Exactly the lines from the one holding "Read online Winnie-the-Pooh" through the last line of the listing below must appear in the answer, and no pictures.

### Data provided
────
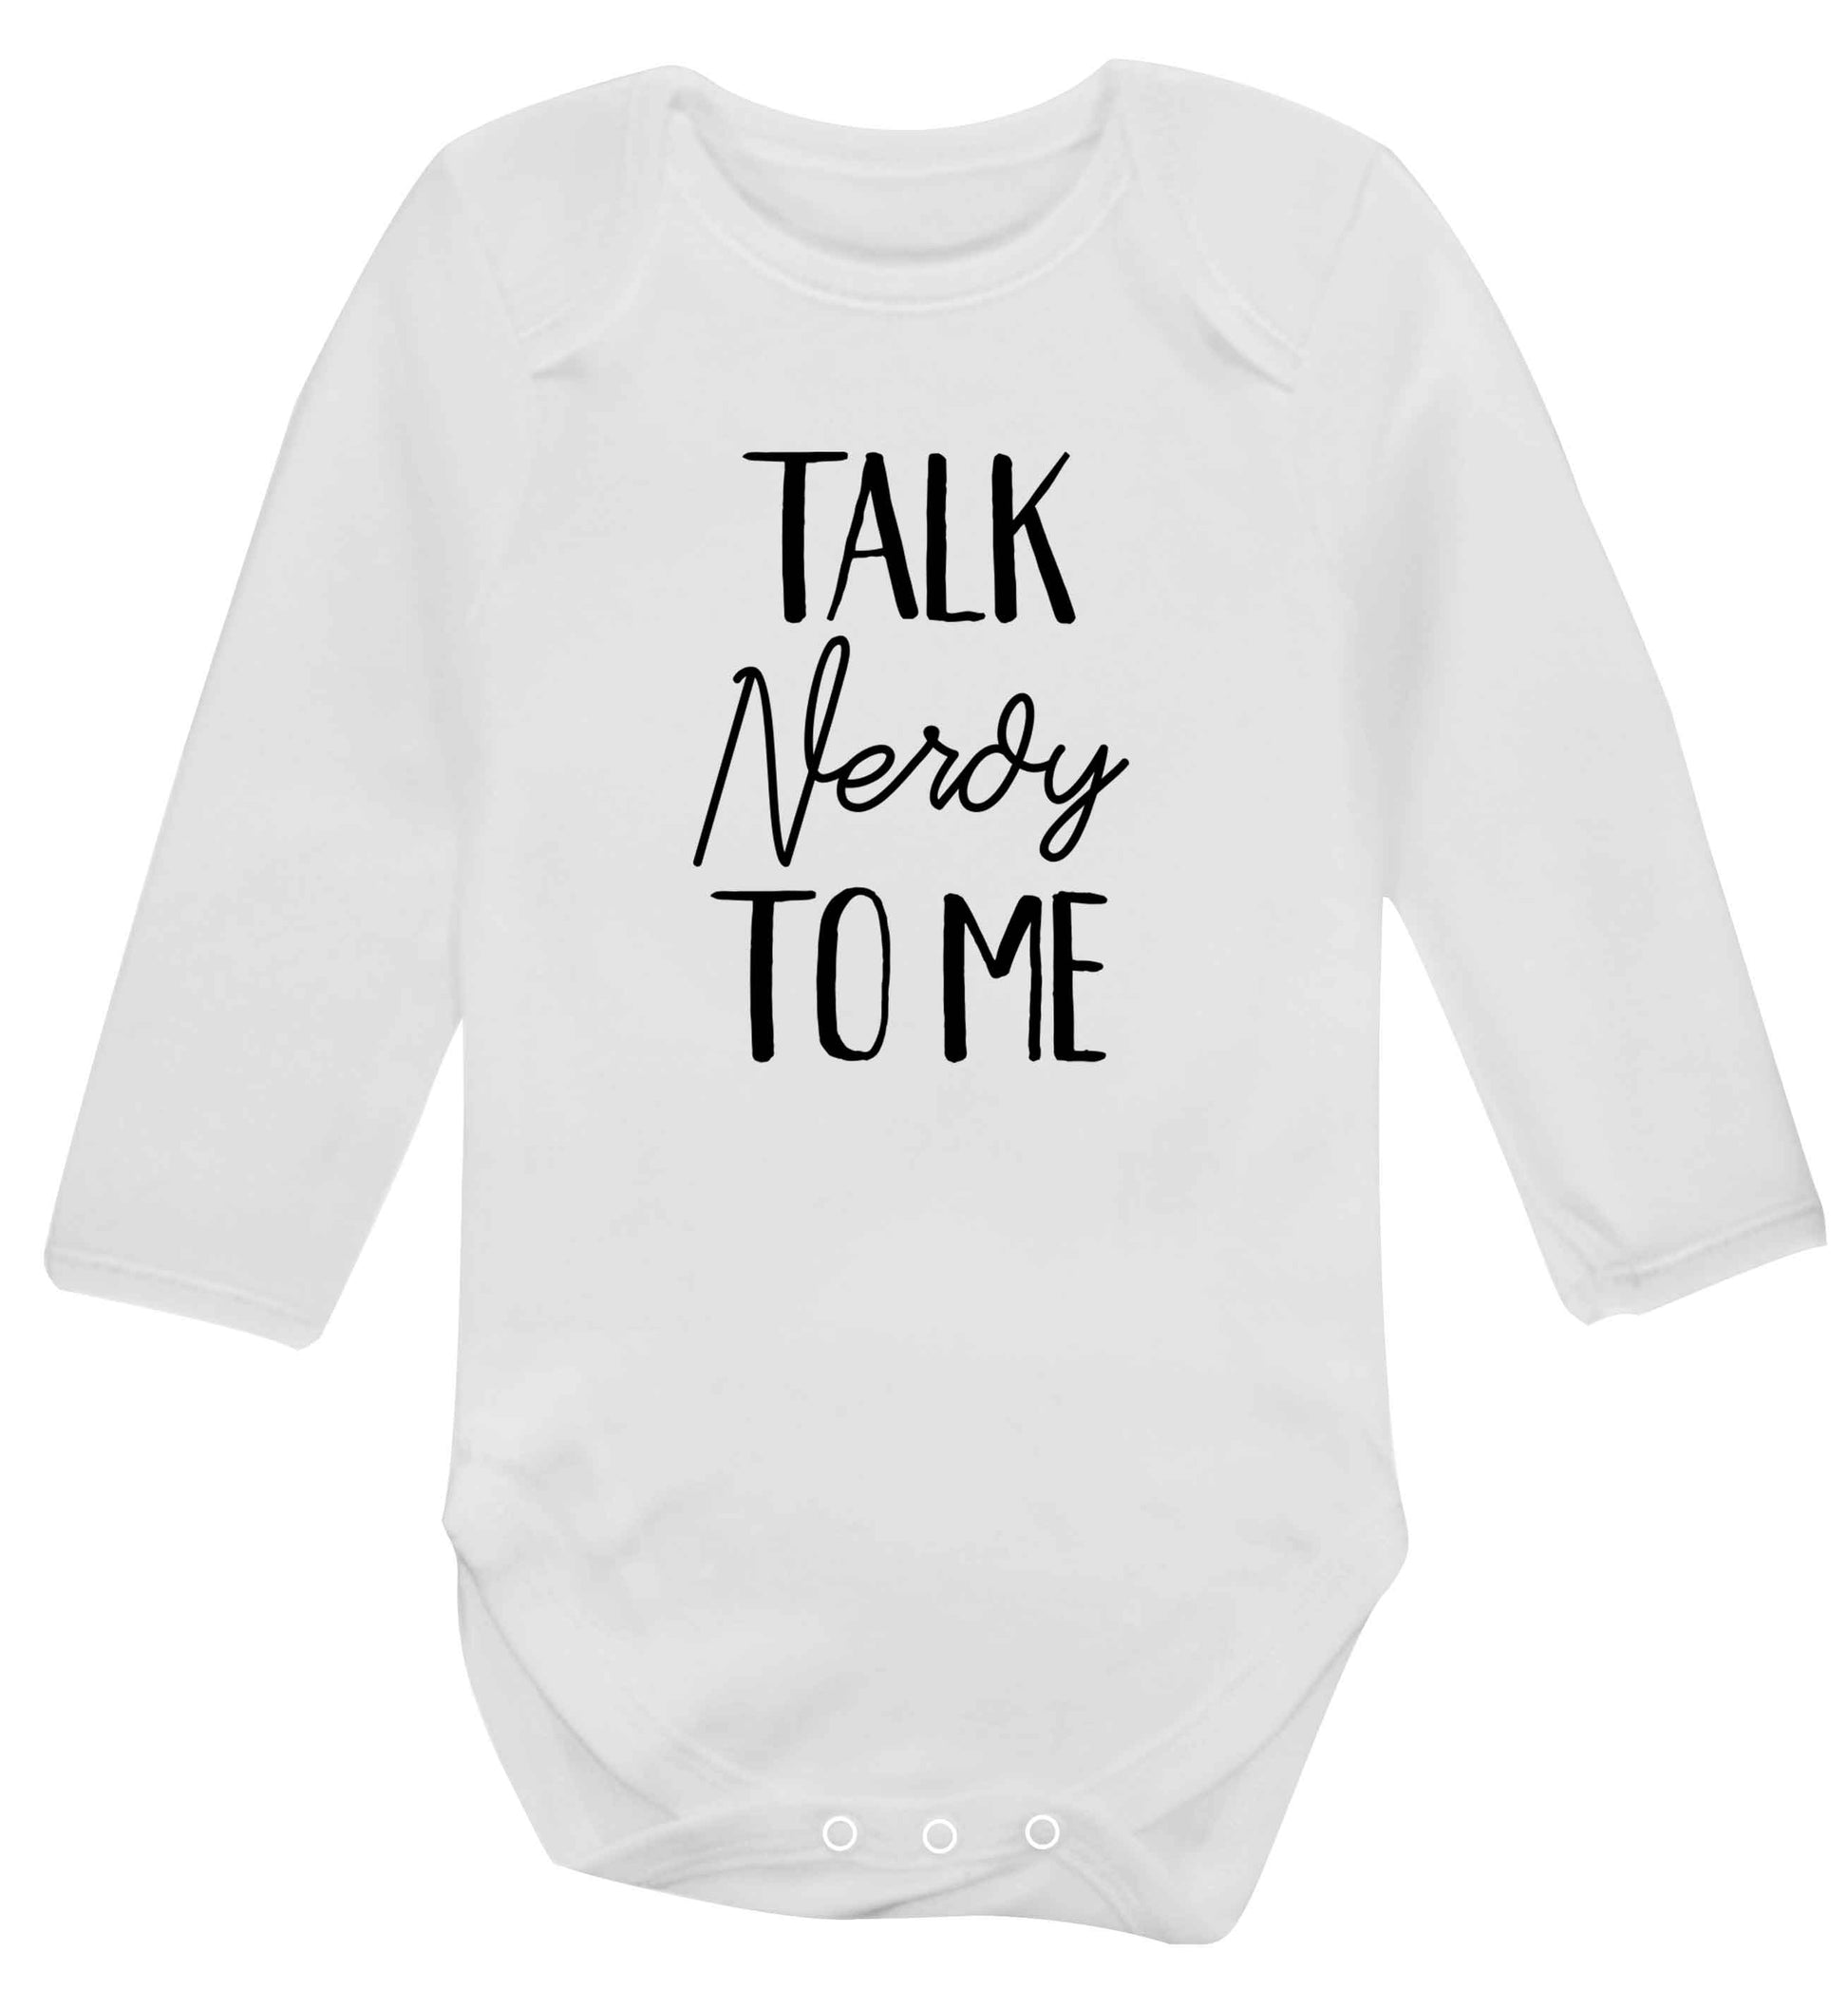 Talk nerdy to me baby vest long sleeved white 6-12 months
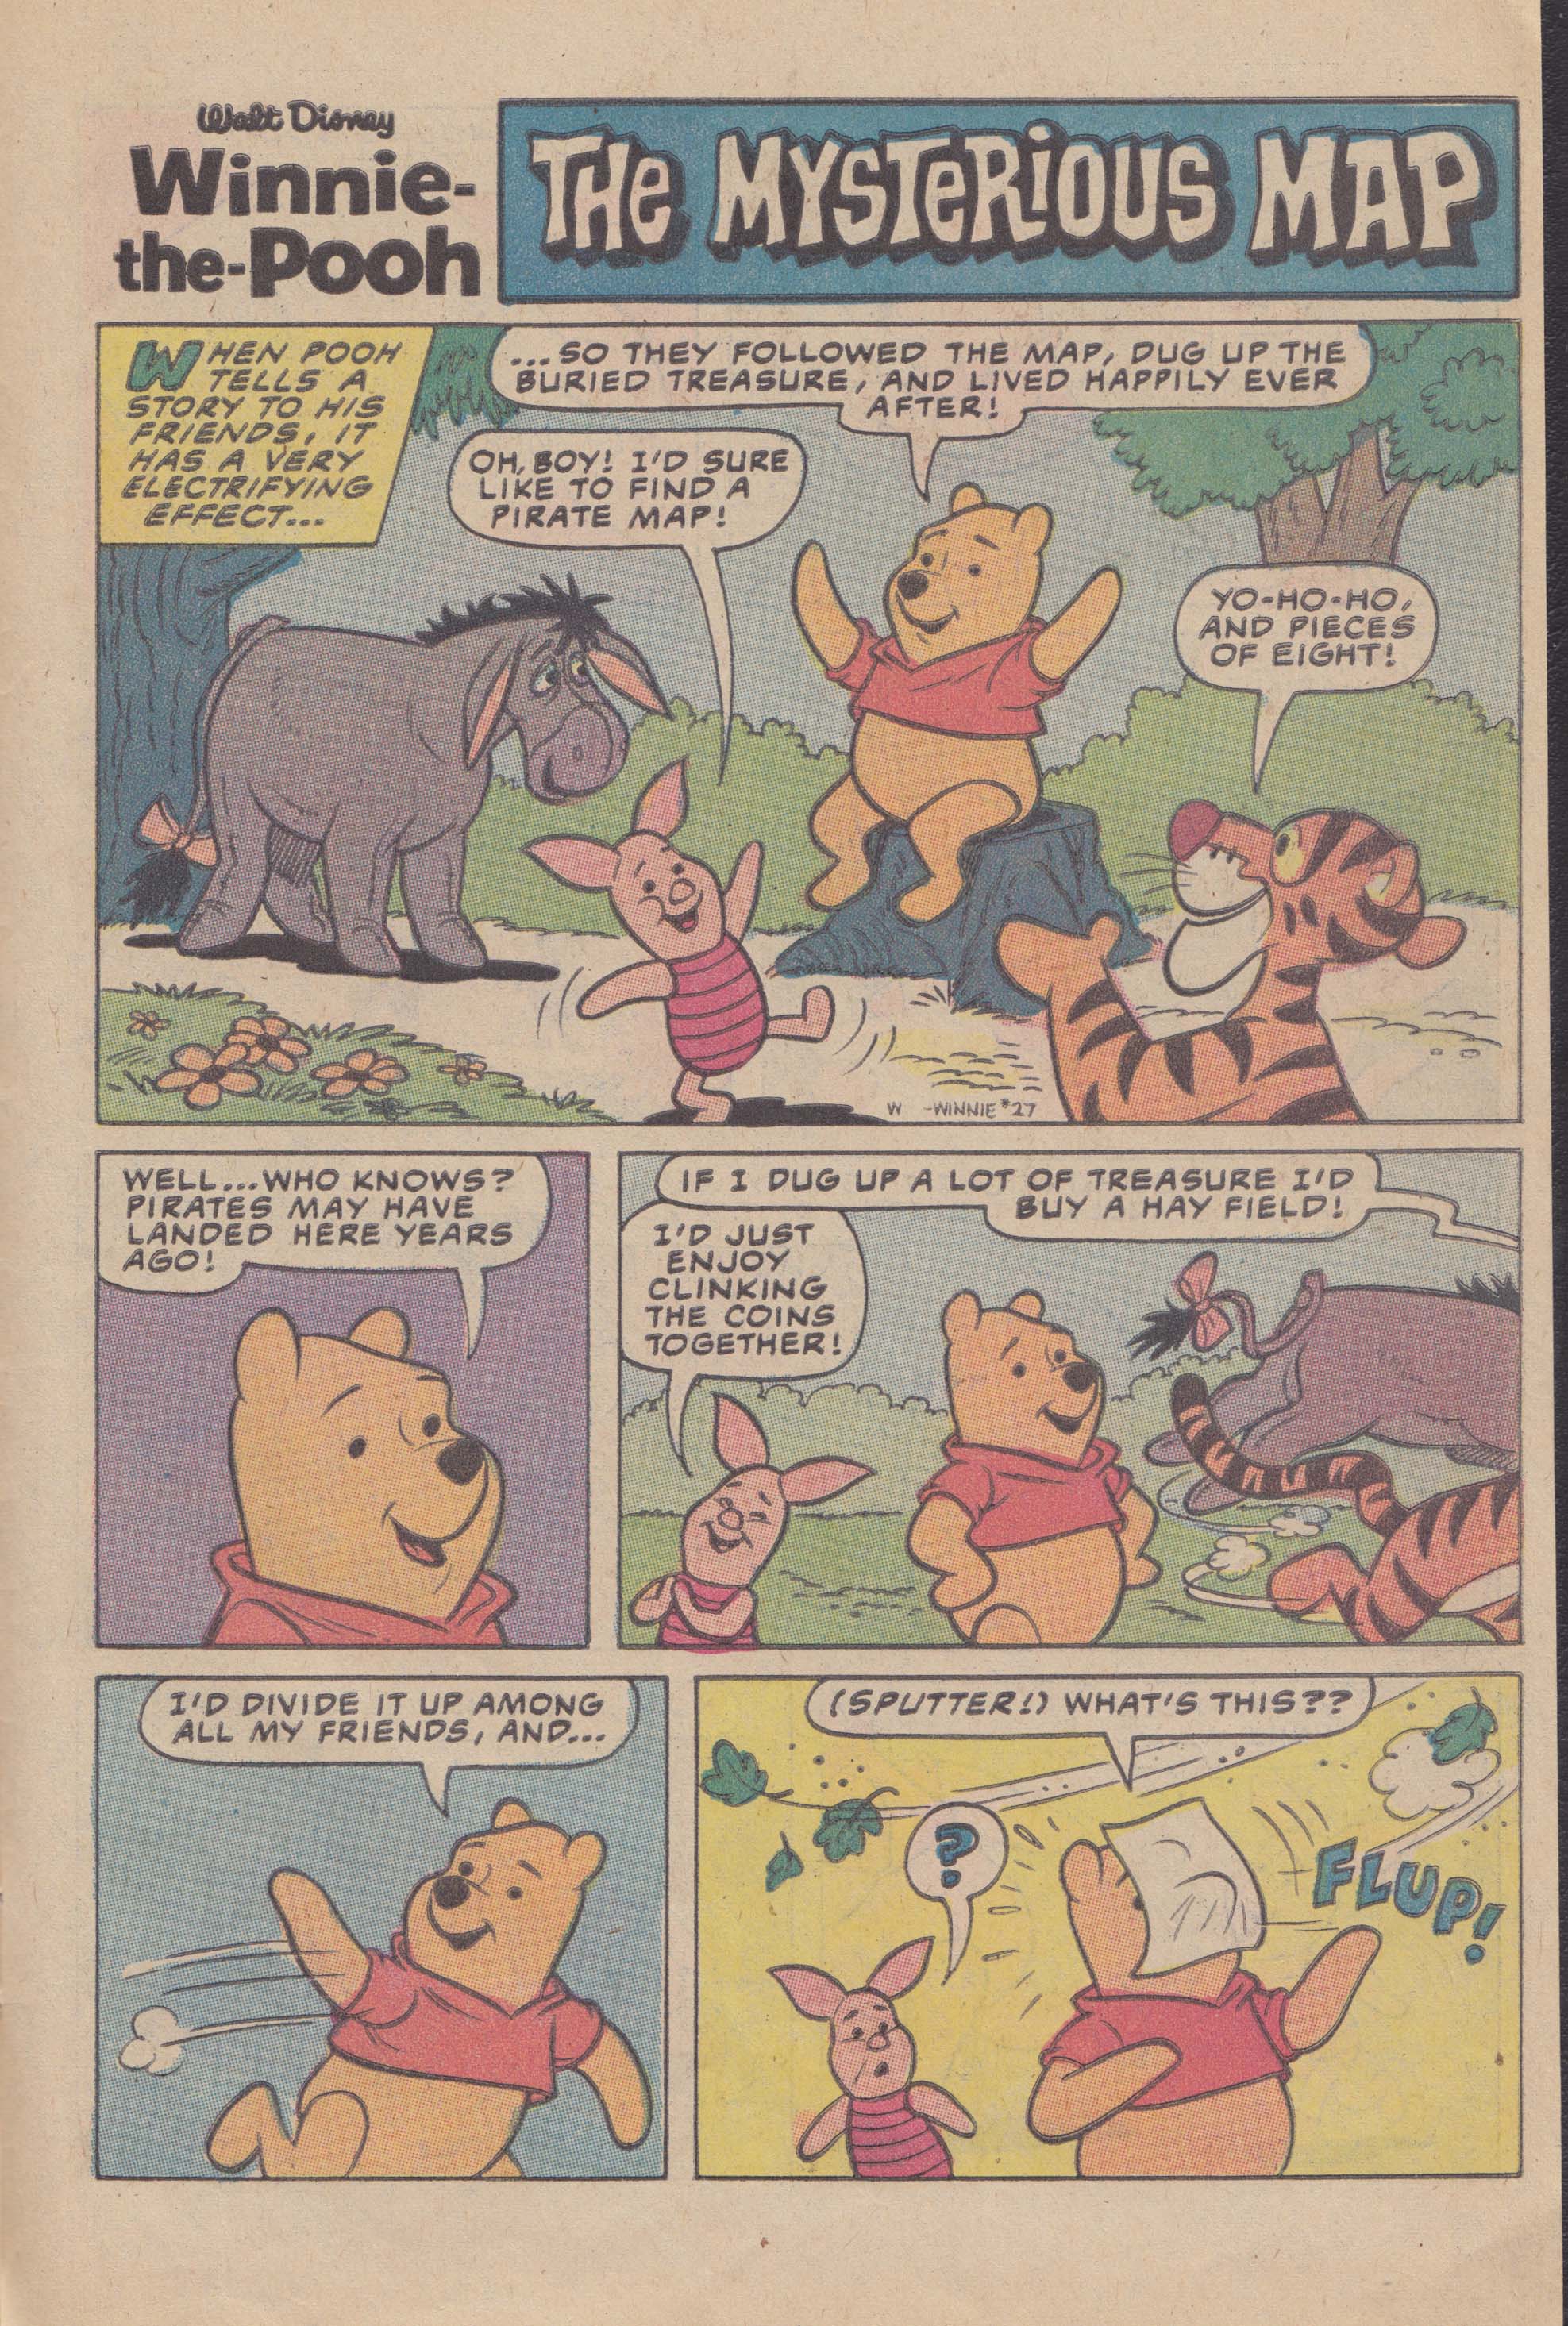 Read online Winnie-the-Pooh comic -  Issue #27 - 27
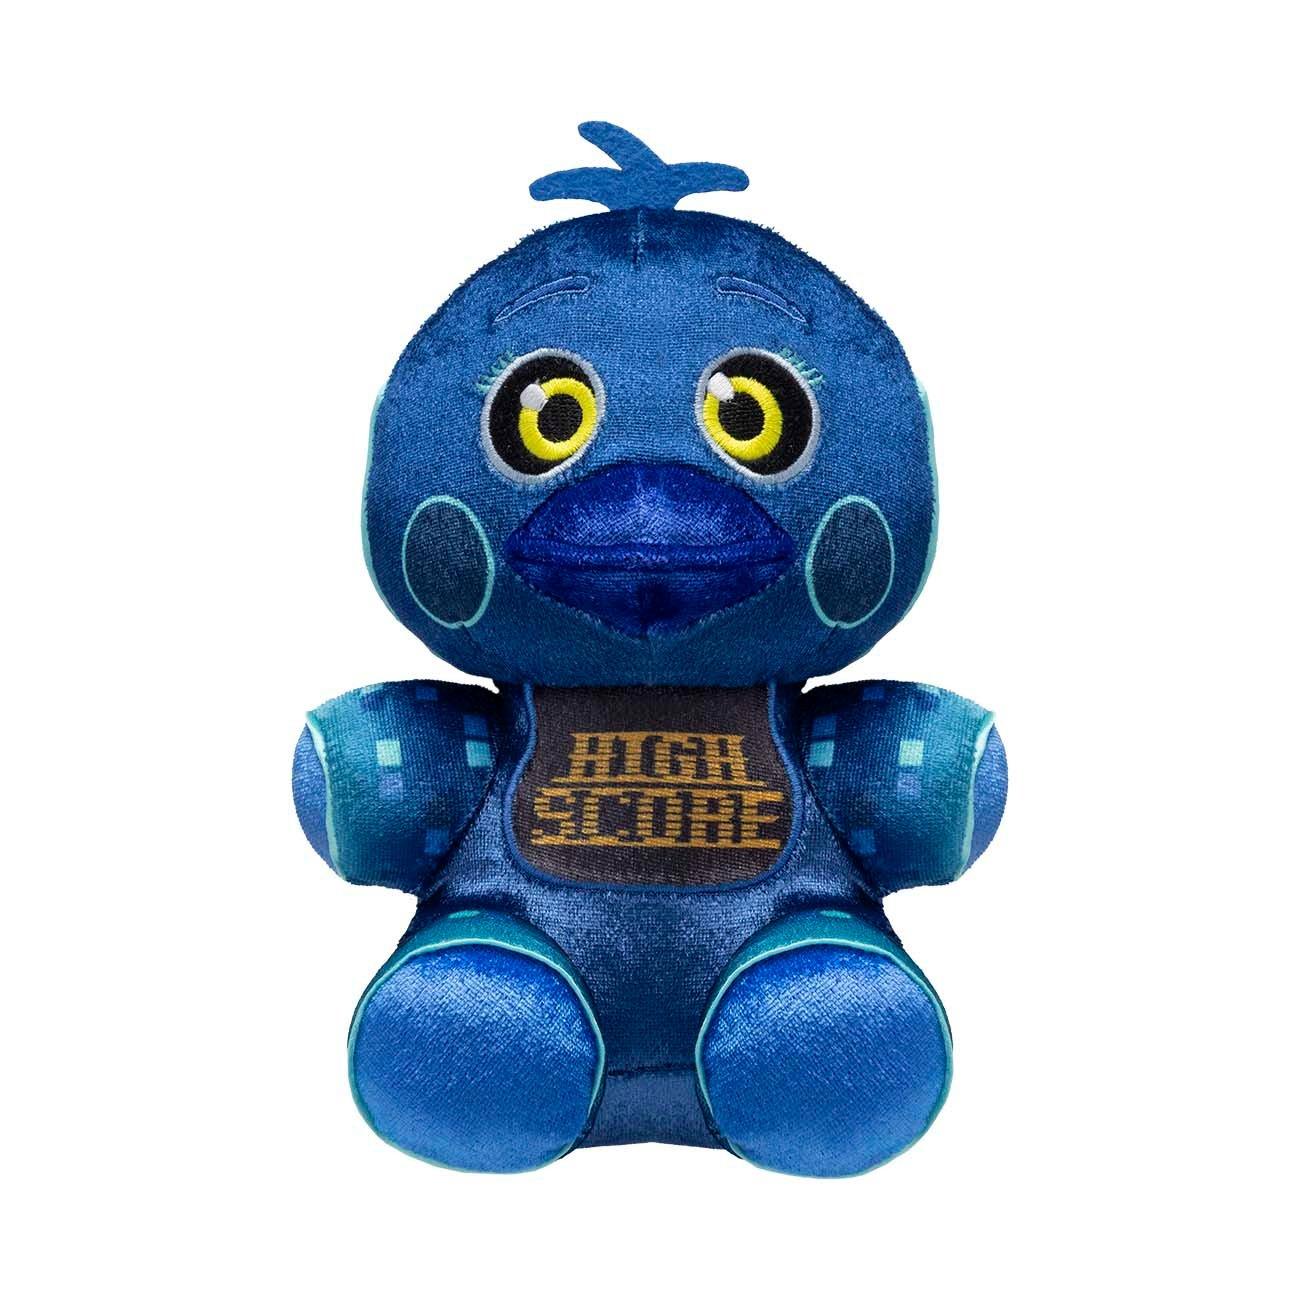 Funko Five Nights At Freddy's: Special Delivery High Score Chica
────
### Your response
 Read online Winnie-the-Pooh comic -  Issue #27 - 27
 Funko Five Nights At Freddy's: Special Delivery High Score Chica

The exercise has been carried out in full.